Now, as he shut the door behind him and made his way toward another bottle of whiskey, the room thick with the trumpets, piano, drums of his old orchestra, the Mambo King, weak of body, daydreamed of making love to the woman next door, and it was then that he could hear their voices again:
“Pssssst, oh, baby.”
“Not so hard, honey.”
“Ohhhh, but I like it!”
“Then wet me with your mouth.”
The Mambo King was hearing the bed again, the mattress thumping against the wall, and the woman moaning, the softest music in the world.
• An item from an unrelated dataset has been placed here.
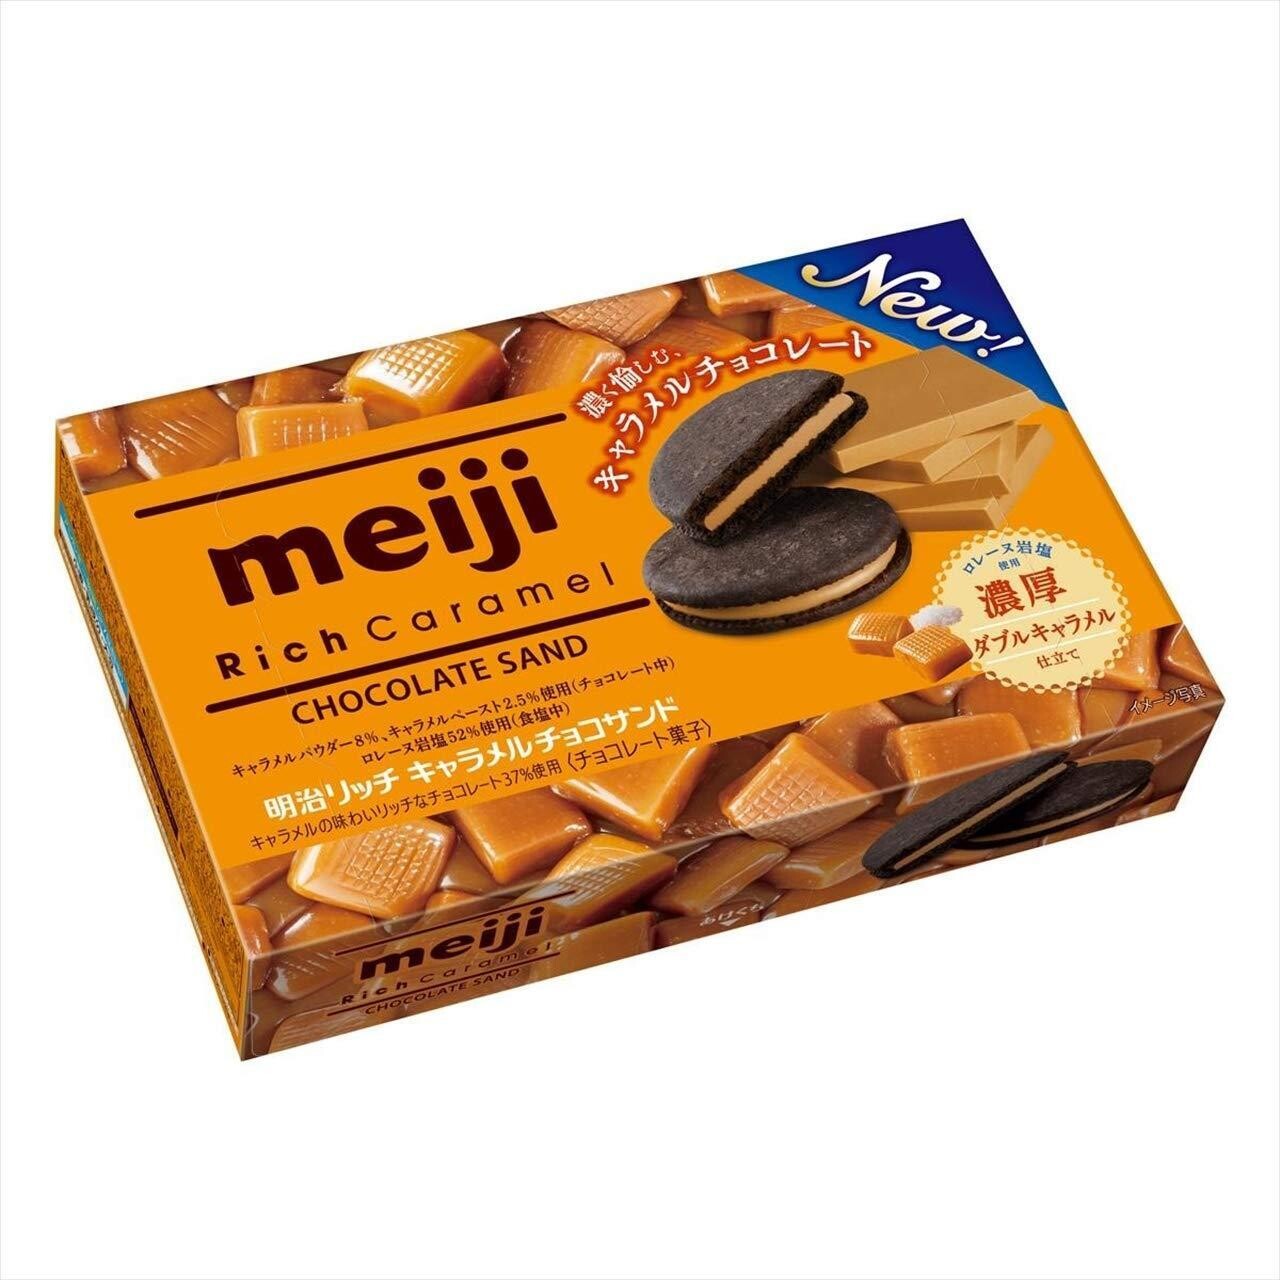 Meiji Rich Caramel Chocolate Sand Biscuit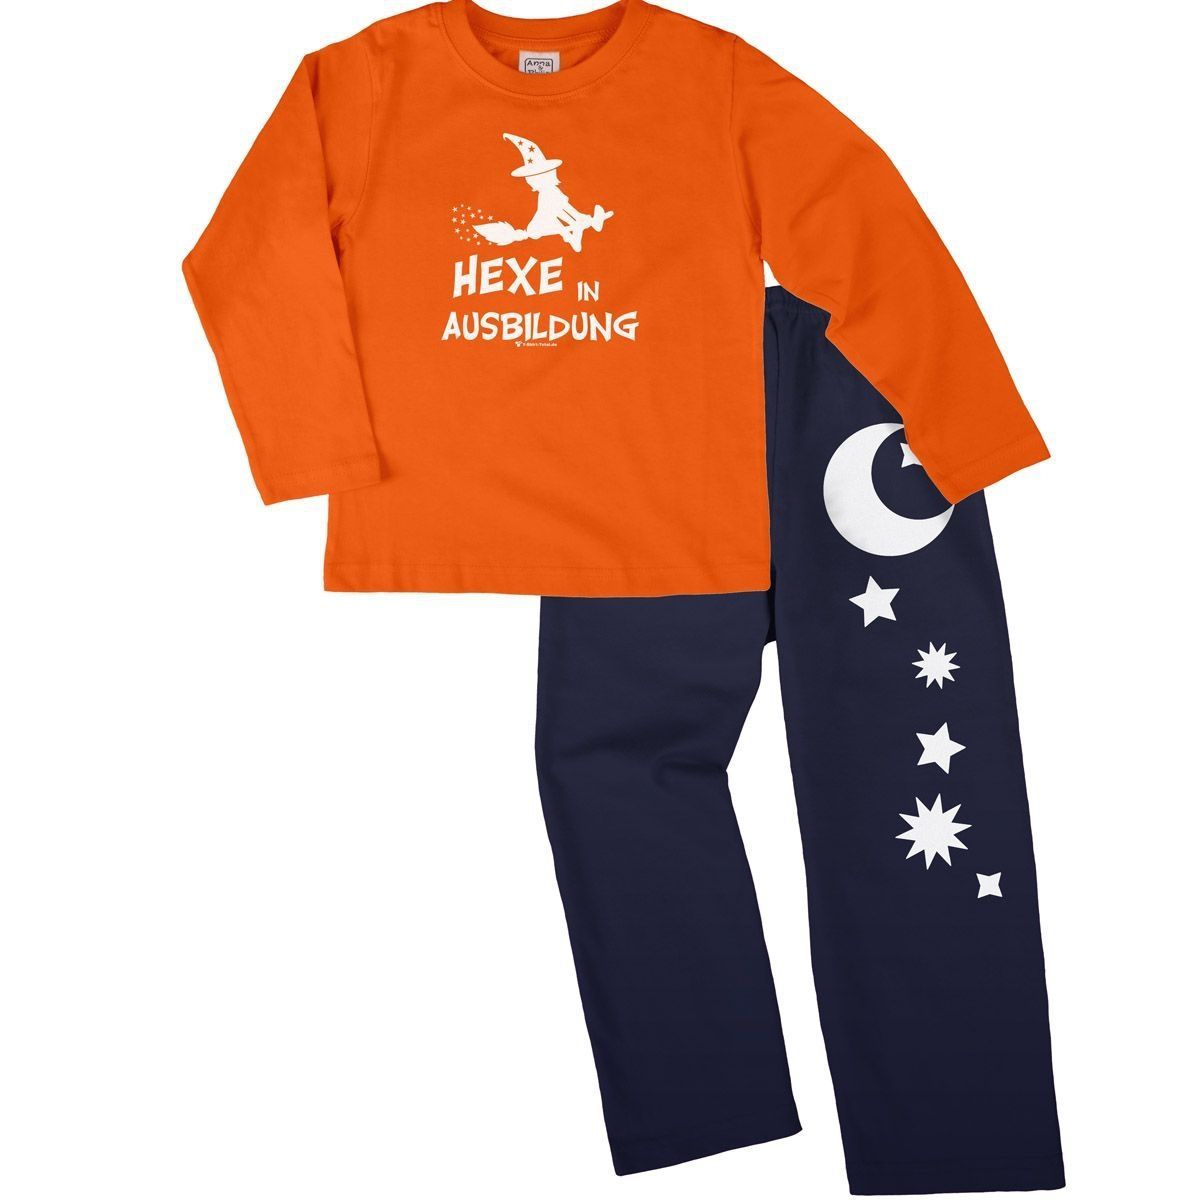 Hexe in Ausbildung Pyjama Set orange / navy 104

He drank his whiskey and winced with pain, the stuff turning into brittle glass by the time it reached his stomach. Remembered when he could play music and drink all night, come home and devour a steak, a plate of fried potatoes and onions, and finish that off with a bowl of ice cream, and wake up the next morning, four or five hours after the meal, feeling nothing. The thing about one’s body coming apart was that, if anything, you felt more. Leaning back in his chair, he could feel the whiskey burning in the pit of his stomach, and leaking out through the cuts and bruises that he envisioned his ulcers looked like, oozing into his liver and kidneys, which throbbed with pain, as if someone had jammed a fist inside. Then, too, there was the column of heat, long as his penis, shooting back up out of the pit of his stomach and skewering his heart. Sometimes the pain was so bad as he sat drinking in that room in the Hotel Splendour that his hands would shake, but the whiskey helped, and so he could continue on.